# EXTRACTED MATERIAL
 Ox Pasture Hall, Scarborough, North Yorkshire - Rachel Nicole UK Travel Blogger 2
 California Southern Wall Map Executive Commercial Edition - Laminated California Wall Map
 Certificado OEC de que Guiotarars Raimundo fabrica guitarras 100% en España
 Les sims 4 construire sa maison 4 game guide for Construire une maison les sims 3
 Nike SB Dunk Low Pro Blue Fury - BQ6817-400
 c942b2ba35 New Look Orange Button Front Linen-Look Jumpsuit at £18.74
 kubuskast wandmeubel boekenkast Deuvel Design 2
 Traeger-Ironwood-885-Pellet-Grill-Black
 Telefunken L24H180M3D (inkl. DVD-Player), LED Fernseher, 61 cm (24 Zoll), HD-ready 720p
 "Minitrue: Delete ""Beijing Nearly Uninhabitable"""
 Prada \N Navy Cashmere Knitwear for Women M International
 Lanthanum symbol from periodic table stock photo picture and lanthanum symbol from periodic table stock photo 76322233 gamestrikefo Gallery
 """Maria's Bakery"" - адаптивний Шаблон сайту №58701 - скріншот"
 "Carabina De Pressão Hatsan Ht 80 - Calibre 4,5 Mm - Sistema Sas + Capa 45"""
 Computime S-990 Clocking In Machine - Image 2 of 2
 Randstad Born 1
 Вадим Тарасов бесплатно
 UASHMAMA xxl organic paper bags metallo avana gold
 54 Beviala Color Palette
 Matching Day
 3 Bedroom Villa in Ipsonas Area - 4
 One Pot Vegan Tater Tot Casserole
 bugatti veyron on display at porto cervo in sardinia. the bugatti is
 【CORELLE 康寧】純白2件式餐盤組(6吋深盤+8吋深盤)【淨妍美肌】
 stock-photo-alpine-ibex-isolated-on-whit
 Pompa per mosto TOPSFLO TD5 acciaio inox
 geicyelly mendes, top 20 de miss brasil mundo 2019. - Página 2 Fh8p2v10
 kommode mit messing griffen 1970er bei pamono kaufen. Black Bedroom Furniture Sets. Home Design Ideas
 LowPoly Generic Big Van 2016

# WORK INSTRUCTION
The full listing is to be restated word for word.

# SOLUTION FOR THIS PROBLEM
 Ox Pasture Hall, Scarborough, North Yorkshire - Rachel Nicole UK Travel Blogger 2
 California Southern Wall Map Executive Commercial Edition - Laminated California Wall Map
 Certificado OEC de que Guiotarars Raimundo fabrica guitarras 100% en España
 Les sims 4 construire sa maison 4 game guide for Construire une maison les sims 3
 Nike SB Dunk Low Pro Blue Fury - BQ6817-400
 c942b2ba35 New Look Orange Button Front Linen-Look Jumpsuit at £18.74
 kubuskast wandmeubel boekenkast Deuvel Design 2
 Traeger-Ironwood-885-Pellet-Grill-Black
 Telefunken L24H180M3D (inkl. DVD-Player), LED Fernseher, 61 cm (24 Zoll), HD-ready 720p
 "Minitrue: Delete ""Beijing Nearly Uninhabitable"""
 Prada \N Navy Cashmere Knitwear for Women M International
 Lanthanum symbol from periodic table stock photo picture and lanthanum symbol from periodic table stock photo 76322233 gamestrikefo Gallery
 """Maria's Bakery"" - адаптивний Шаблон сайту №58701 - скріншот"
 "Carabina De Pressão Hatsan Ht 80 - Calibre 4,5 Mm - Sistema Sas + Capa 45"""
 Computime S-990 Clocking In Machine - Image 2 of 2
 Randstad Born 1
 Вадим Тарасов бесплатно
 UASHMAMA xxl organic paper bags metallo avana gold
 54 Beviala Color Palette
 Matching Day
 3 Bedroom Villa in Ipsonas Area - 4
 One Pot Vegan Tater Tot Casserole
 bugatti veyron on display at porto cervo in sardinia. the bugatti is
 【CORELLE 康寧】純白2件式餐盤組(6吋深盤+8吋深盤)【淨妍美肌】
 stock-photo-alpine-ibex-isolated-on-whit
 Pompa per mosto TOPSFLO TD5 acciaio inox
 geicyelly mendes, top 20 de miss brasil mundo 2019. - Página 2 Fh8p2v10
 kommode mit messing griffen 1970er bei pamono kaufen. Black Bedroom Furniture Sets. Home Design Ideas
 LowPoly Generic Big Van 2016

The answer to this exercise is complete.